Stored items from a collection
- - - - -

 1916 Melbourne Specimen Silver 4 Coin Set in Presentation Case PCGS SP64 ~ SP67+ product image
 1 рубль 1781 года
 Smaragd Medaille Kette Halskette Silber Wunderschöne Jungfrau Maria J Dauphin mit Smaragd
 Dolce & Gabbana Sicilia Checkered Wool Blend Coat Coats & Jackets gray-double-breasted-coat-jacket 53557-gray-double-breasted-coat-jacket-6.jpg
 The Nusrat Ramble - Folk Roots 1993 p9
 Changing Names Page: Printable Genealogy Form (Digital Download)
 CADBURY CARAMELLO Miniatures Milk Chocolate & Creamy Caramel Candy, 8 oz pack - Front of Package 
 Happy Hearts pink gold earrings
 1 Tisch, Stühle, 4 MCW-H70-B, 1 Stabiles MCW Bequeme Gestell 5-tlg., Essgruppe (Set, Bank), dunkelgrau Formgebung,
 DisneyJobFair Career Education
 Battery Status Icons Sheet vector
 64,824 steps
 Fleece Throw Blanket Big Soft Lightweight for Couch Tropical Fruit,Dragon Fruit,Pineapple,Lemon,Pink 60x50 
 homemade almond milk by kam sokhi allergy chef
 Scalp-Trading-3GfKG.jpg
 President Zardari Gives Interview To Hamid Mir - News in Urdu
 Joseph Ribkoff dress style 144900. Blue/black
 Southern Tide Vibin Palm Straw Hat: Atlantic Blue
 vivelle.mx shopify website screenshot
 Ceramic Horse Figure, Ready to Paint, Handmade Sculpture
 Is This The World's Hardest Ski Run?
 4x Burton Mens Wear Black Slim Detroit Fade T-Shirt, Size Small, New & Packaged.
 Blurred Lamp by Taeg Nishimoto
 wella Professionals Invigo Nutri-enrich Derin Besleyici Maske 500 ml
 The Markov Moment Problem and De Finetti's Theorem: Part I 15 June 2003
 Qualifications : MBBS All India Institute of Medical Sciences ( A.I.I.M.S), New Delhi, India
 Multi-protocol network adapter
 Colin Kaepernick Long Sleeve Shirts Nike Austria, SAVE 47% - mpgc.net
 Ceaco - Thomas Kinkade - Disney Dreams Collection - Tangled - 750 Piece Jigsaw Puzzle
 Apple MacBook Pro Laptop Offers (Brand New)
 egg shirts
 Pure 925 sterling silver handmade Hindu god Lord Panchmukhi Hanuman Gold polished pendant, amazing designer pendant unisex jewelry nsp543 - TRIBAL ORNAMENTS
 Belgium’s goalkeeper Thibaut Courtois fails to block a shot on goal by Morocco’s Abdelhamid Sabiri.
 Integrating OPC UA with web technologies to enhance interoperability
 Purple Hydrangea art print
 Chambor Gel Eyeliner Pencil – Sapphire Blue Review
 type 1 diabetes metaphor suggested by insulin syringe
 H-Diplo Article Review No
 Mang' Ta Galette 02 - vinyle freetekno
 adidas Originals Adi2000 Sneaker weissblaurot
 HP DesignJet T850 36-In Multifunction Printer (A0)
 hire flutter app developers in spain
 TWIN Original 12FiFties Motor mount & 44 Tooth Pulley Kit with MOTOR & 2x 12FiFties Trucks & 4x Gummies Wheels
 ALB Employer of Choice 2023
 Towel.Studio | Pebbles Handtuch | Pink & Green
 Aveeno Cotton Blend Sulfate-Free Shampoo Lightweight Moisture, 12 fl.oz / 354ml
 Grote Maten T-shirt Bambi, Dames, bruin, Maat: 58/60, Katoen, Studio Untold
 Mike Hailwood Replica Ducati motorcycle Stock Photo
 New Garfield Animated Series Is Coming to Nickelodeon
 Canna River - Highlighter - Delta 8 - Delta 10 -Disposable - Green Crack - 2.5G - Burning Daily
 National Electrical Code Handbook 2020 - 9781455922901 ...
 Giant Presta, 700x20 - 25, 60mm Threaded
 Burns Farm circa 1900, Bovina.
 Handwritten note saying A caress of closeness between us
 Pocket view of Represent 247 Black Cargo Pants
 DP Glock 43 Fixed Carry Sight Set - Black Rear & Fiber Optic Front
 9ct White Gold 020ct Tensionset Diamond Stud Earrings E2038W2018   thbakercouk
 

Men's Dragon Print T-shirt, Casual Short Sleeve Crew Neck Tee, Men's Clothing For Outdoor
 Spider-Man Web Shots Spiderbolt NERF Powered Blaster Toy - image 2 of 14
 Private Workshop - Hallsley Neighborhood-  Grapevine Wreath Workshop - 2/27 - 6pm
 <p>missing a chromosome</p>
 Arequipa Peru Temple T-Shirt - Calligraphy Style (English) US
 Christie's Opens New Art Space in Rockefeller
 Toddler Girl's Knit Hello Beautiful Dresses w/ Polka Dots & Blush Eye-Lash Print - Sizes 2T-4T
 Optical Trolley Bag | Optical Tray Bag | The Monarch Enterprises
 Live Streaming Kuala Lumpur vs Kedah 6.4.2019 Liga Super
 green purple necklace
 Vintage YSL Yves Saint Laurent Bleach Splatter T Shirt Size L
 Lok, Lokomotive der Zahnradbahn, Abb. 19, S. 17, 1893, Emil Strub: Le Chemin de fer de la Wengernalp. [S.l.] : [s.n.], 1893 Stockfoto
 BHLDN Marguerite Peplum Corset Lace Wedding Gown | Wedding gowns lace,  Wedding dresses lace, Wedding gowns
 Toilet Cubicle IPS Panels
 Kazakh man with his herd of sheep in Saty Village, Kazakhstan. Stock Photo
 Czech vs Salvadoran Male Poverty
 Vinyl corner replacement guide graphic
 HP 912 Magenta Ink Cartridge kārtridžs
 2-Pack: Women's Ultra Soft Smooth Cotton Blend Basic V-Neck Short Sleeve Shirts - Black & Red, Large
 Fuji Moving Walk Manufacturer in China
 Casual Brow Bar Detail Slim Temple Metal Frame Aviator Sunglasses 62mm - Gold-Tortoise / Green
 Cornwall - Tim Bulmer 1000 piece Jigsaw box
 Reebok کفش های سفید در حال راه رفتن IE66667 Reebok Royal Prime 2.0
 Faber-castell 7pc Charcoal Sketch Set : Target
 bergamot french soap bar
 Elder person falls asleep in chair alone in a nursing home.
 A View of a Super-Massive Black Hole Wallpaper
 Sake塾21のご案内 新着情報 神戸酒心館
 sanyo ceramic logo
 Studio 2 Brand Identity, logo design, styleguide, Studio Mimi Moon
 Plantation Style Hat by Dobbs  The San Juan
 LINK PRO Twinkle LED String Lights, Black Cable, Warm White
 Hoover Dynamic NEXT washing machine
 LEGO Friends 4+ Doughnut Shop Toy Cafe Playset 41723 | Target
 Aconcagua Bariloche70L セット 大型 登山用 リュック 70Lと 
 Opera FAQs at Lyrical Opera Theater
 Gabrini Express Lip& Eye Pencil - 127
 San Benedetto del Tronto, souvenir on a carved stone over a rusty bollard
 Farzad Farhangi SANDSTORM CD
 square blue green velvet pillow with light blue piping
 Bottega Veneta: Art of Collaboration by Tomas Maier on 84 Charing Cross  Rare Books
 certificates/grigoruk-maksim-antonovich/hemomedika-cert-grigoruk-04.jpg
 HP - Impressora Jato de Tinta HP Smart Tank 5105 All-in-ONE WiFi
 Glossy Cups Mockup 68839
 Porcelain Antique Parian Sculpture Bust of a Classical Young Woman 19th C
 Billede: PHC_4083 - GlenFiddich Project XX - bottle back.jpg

- - - - -

* _About this task_
From the data above, copy each line where the string "Lightweight" appears.

* _Exercise output_
 Fleece Throw Blanket Big Soft Lightweight for Couch Tropical Fruit,Dragon Fruit,Pineapple,Lemon,Pink 60x50 
 Aveeno Cotton Blend Sulfate-Free Shampoo Lightweight Moisture, 12 fl.oz / 354ml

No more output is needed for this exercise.